# Milling attachment adapter plate.



## kd0afk (Dec 19, 2012)

I bought a milling attachment for my SB 9" lathe. Found out when I got it that it was for a 13" lathe. It weighs 40 lbs. In order to use it I will need to make an adapter plate.

I have a couple of questions. Will this thing be too much weight for my lathe, and, will aluminum be stout enough for this purpose? I plan on offsetting the two diameter on the plate so some of the weight is loser to the saddle.
Thanks guys


----------



## GailInNM (Dec 20, 2012)

Many years ago I mounted a milling attachment from an Atlas 12 inch lathe on my 9 inch SB.  Used it for about 5 years before I got a milling machine.  It was fairly well balanced with out having to offset any so I just kept things concentric.  It was a little lighter than yours.  

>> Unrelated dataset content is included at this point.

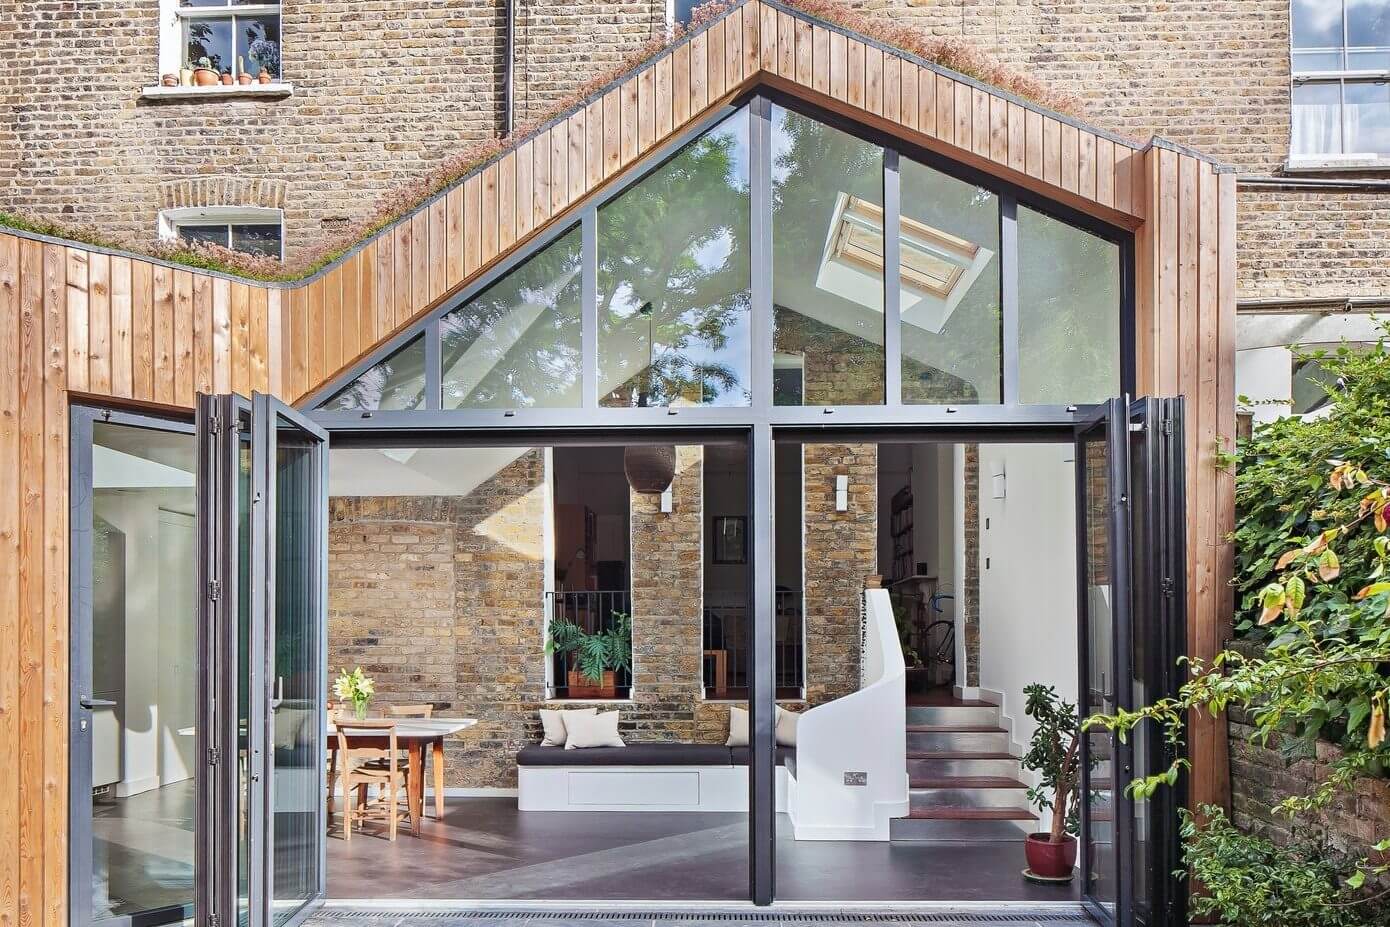 Clapton Home by Scenario Architecture

I think that it will will work for you for occasional light use.  It will probably work better than the 9 inch SB one because of the extra mass will will reduce vibration.

Gail in NM
W5MLY


----------



## kd0afk (Dec 20, 2012)

I have to make an adapter plate for it anyway and I think I can get nearly all of the mass centered over the saddle. Would aluminum be ok to use for the plate? A 5" x 6.75" would be perfect. A steel plate that size would cost me around $50 for the thing and shipping. But aluminum will cost me like $12. Sucks when you live in a town that doesn't have a metal yard. Of course there are 4 surf shops and two rite aids to serve less than 8000 people. But i digress.


----------



## kd0afk (Dec 20, 2012)

I'm almost tempted to make an aluminum foundry just so i can cast the dang thing.


----------



## GailInNM (Dec 20, 2012)

Aluninum should work fine if reasonably thick.
Gail in NM


----------



## kd0afk (Dec 20, 2012)

In order to allow it to clear when i pivot on the x axis it will need to be 1" thick. 
I think i will make an open flask, get a good charcoal fire going and just cast the thing.


----------